Discussion in 'Professional Trading' started by trend7rader, Aug 12, 2009.

  1. Hi, I have a question about IB friends and family account which I'm looking to setup: What kind of legal agreement is necessary between advisor and client (friends & family)? Does IB provide watertight documentation for this or does advisor need to prepare this separately? Can anyone let me know this should cover? Presumably risk disclosure, investment strategy, breakdown of advisor fees... is there anything else? I'm looking to manage around 5 or 6 friends and family accounts on financial and commodity futures, possibly some stocks / ETFs in there too.
    many thanks
  2. I have one of those... Don't expect anything from I.B. You need to work out everything with the clients prior. The only thing that you can package is the fee you charge, that you can put in the IB system and it will do it automatically
  3. thanks, are there any specific legal requirements of what must be mentioned in the agreement between advisor and client ie mandatory requirements? I'm not registered as an investment advisor, just trading and investing for friends and family, but will be collecting fees and want to protect myself incase of anything unforseen.
  4. the1


    Disclaimer: I'm not a securities attorney.

    All you really need is power of attorney. Since they are friends and family they probably won't sue you if you lose their money. It wouldn't be a bad idea to have them sign a risk disclosure so they know the full extent of the risk involved. If you're trading futures they should know their losses can exceed their initial investment and could be unlimited. I think the biggest risk you're taking is losing money for people who are your friends and/or your family. Money can destroy perfectly good relationships even though both parties will agree beforehand that wouldn't be the case.

    If you expand above this type of operation you'll need professional documents but for F&F POA should do. Good luck.
  5. the1


    BTW: Legally, you can't accept performance fees from non-accredited investors but since you are not going to be registered with the NFA you can fly under than radar. If at any point you grow big enough to have to get registered then you absolutely cannot collect a performance fee from non-accredited investors.
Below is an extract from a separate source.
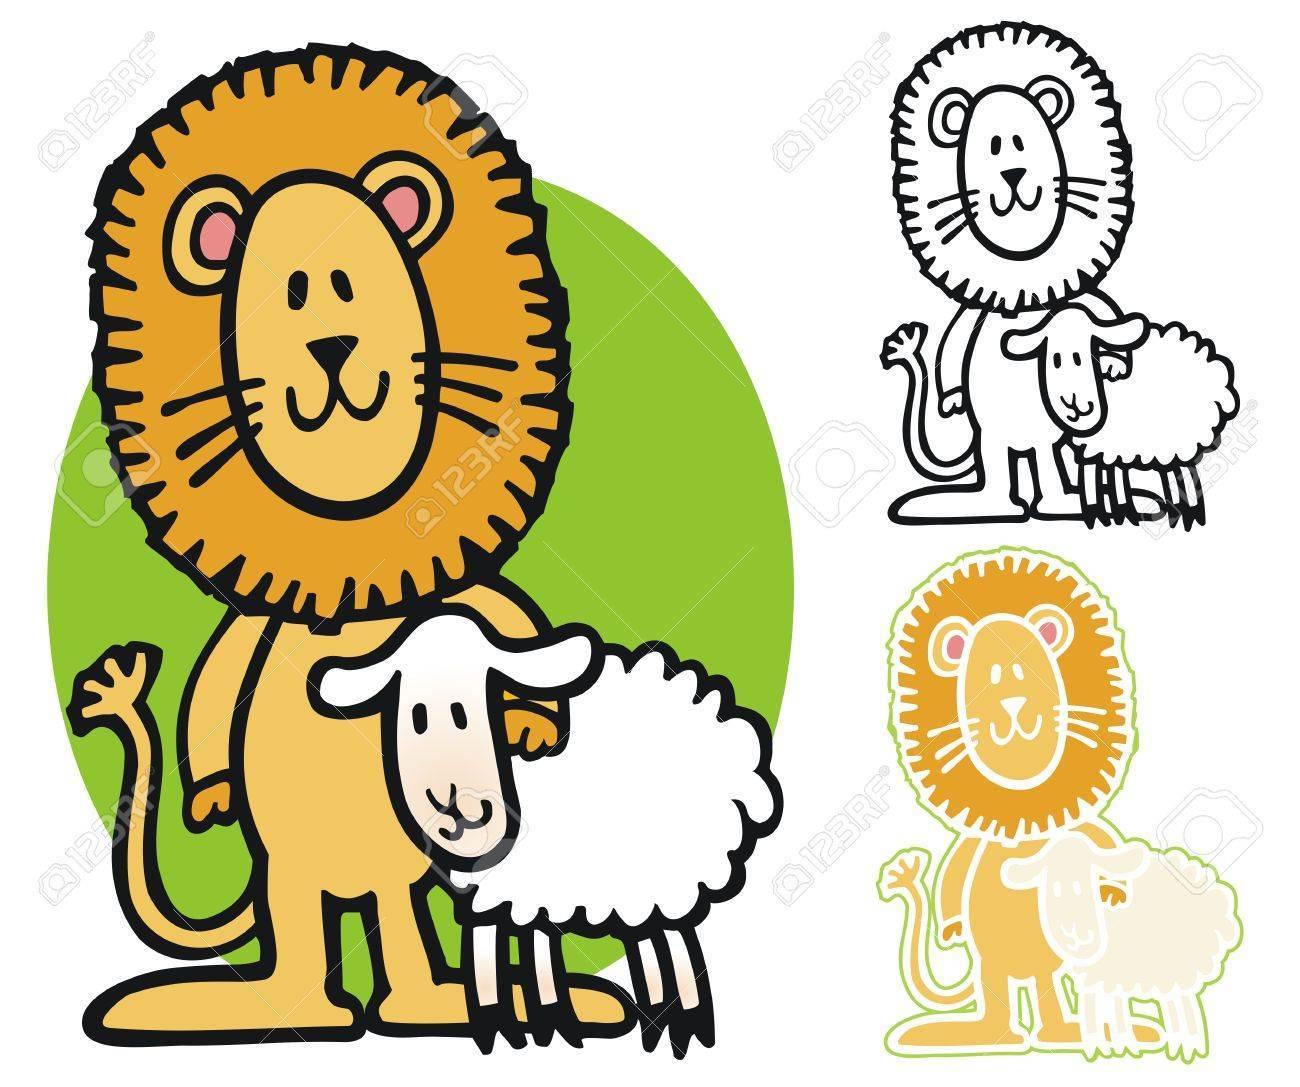 March lion lamb clipart 6 » Clipart Portal.

  6. that's great, thank you very much for confirming this.
  7. Nattdog


    "BTW: Legally, you can't accept performance fees from non-accredited investors but since you are not going to be registered with the NFA you can fly under than radar.

    This is not accurate. CTA's can and do charge performance fees to non-accredited investors.

    Perhaps you are thinking of the rule for RIAs or something else.
  8. Stok


    You can charge performance fee's for non-accredited clients. Per SEC and state laws, as long as you manage under $25M and 15 or less clients (state laws vary), you do not have to be even registered.

    I run a small LP with IB, for a few clients. The LP route will give you the protection you want and lay out the fees. There is upside and downside with that.

    The F&F account is easier...IB does the fees for you, the clients have to deal with their own taxes and they have access to their own account, but cannot trade in them.

    The LP route, you need to have your own accountant and issue K1's, so it is more expensive. The upside to the LP is that you have the legal protection and fee structure in place....AND, the biggest one for me is to avoid SET via your GP.

    My layout is this: LP, then another LP as your GP, then the GP of your GP is a C-Corp.

    Saying all that, I think I would rather have just a F&F account...but the legal issue (if it has to come to that) is much better in an entity structure.
  9. Interesting setup.. Are all levels necessary to avoid SET or is there a simpler solution?